Taylor-Wood, who already has two daughters and has twice survived bouts with cancer, looked radiant the day of the interview. "I try not to care about what the world thinks," she said. You wanted to call room service and say, "please give me a slice of what she's having." It might not be wise to call her a cougar to her face; she'd probably rip out your intestines and pick her teeth with your metacarpals. Just like a real mountain lion, which is, of course, a gorgeous, sleek, lethal creature. This is one of the reasons I don't understand why there's outrage over the word "cougar" to describe older women who like their men a bit wet behind the ears: It's not like they're being called armadillo or three-toed sloth or bone-eating snot-flower. Or that most terrifying creature, the dreaded spinster.

In fact, in the vast realm of unflattering terms to describe women - old maid, fish wife - cougar stands out as quite regal, so I was surprised to find that some feminists were outraged when Air New Zealand promoted one of its contests by using a satirical video about cougars stalking their "prey." The ad shows an attractive woman in a skimpy orange dress eyeing some college boys at a bar (oh honey, go for bigger game!) "Here we see a herd of young males nervously gathering at a watering hole," the voiceover says. "The cougar waits on the edges for one of the young males to foolishly separate itself from the herd." Having grabbed one in her man-hungry jaws, she drags it back to her apartment to listen to "Enya, or possibly the Eurythmics."

Let's see: We're talking about women who are financially independent, sexually confident and attractive enough to win the affections of men who are not yet in need of Viagra. That sounds like paradise, not an insult. These days there are cougar cruises, conventions and dating services, and the Courteney Cox sitcom Cougar Town returns to ABC for a second season this year. I think we're meant to laugh at the idea of these leathery lust-buckets, as if they're Mrs. Roper in her muumuu drooling over Jack Tripper's well-packed cutoffs. The dirty secret is that they've got it made: No husbands, money to burn and Annie Lennox on the iPod wailing that sisters are doing it for themselves.
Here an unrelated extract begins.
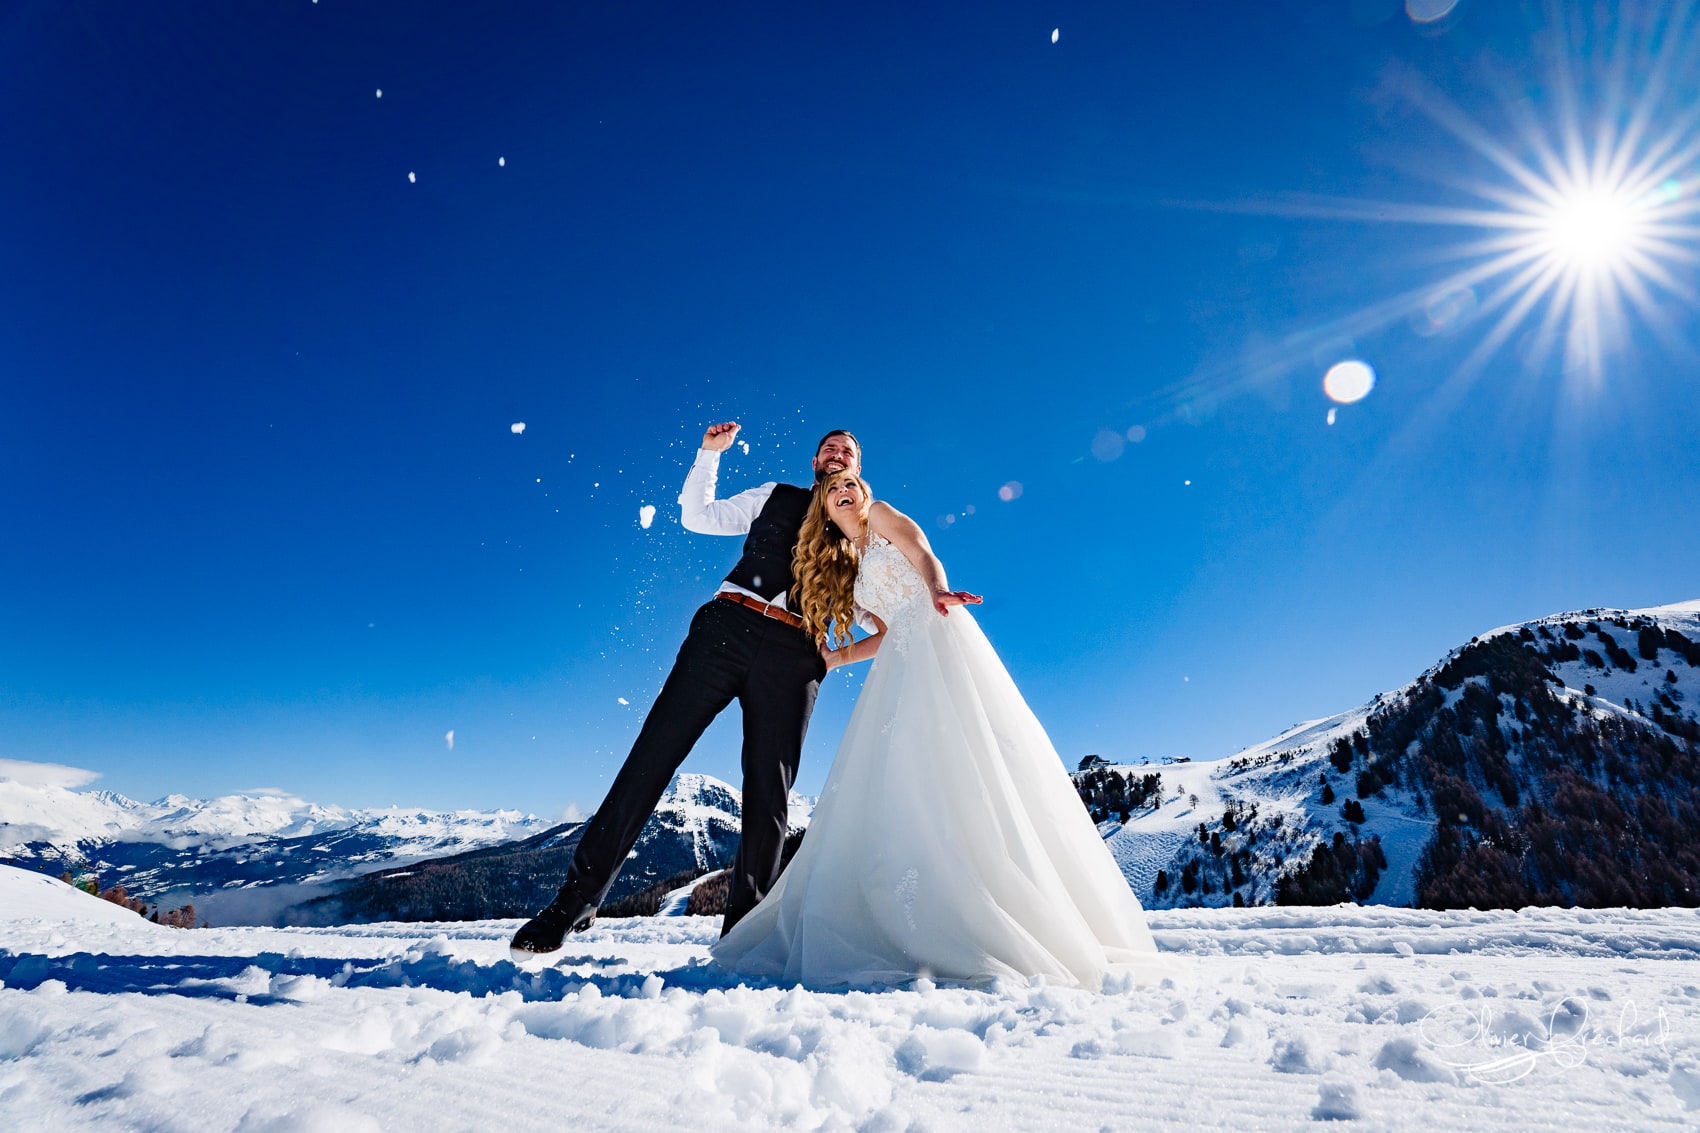 photos de mariage en montagne dans la neige

Two years ago Tilda Swinton showed up at the Baftas, the British equivalent of the Academy Awards, wearing her usual Edith-Sitwell-on-mushrooms finery, and carrying on her arm a lovely accessory: the beauteous Sandro Kopp, an artist 18 years her junior. Apparently Kopp, Swinton and her husband have some kind of mutually agreeable partnership, like the bohemian love equivalent of a Florida time-share. The sound of middle-aged journalists choking on their lukewarm bowls of envy could be heard throughout the land.
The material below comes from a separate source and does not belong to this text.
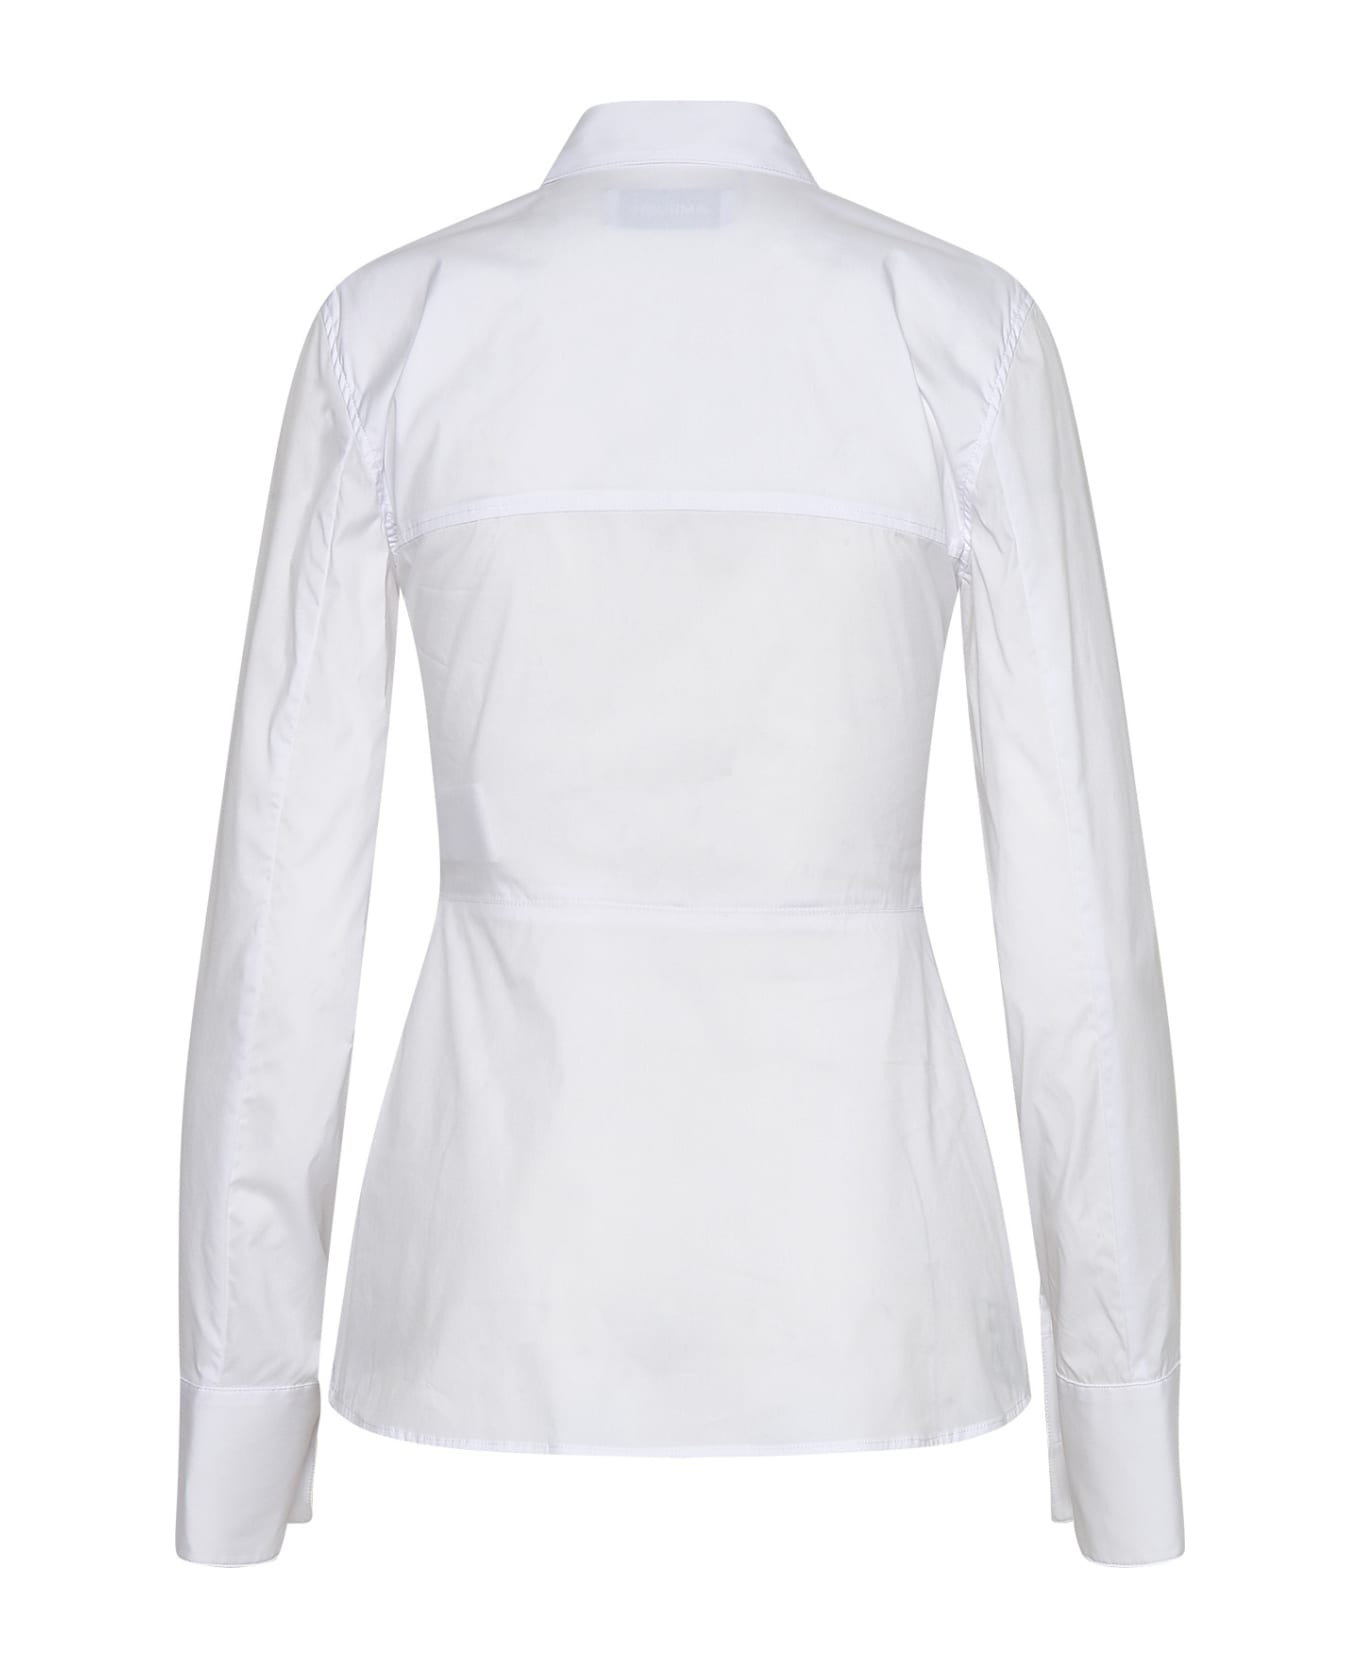 AMBUSH White Cotton Shirt - White

I'm pretty sure that envy (and that old favourite, fear of women's sexuality) is at work here. Who are the world's most famous cougars? Madonna, almost three decades older than her boyfriend Jesus Luz. Demi Moore, elder half of the world's most oversharing couple. On screen, there's Kim Cattrall and Courteney Cox. These are hardly women to be mocked or pitied (The exception may be poor Ivana Trump, currently the subject of cougar jokes on Britain's Celebrity Big Brother : Four is the number of her marriages, and also possibly the age, of her last husband.) Women keep their looks for longer and have vastly more sexual and financial freedom than they did when the original cougar, Mrs. Robinson, first swanned around in her leopard skin and icing-thick eyeliner in The Graduate in 1967. Anne Bancroft was famously only 36 (six years older than Dustin Hoffman) when she played the randy middle-aged matron. It's inconceivable now; a 36-year-old actress today would get an Oscar just for trying and would need a full day in makeup to apply prosthetic wrinkles.

"I'm happy to be a cougar, if that's what it's called," Cox told critics this summer when they commented on the fact that she's eight years older than her husband, David Arquette. She's absolutely right. Never mind reclaiming the night, it's time to reclaim the word. And if not, stand back: You really don't want to mess with an irate cougar.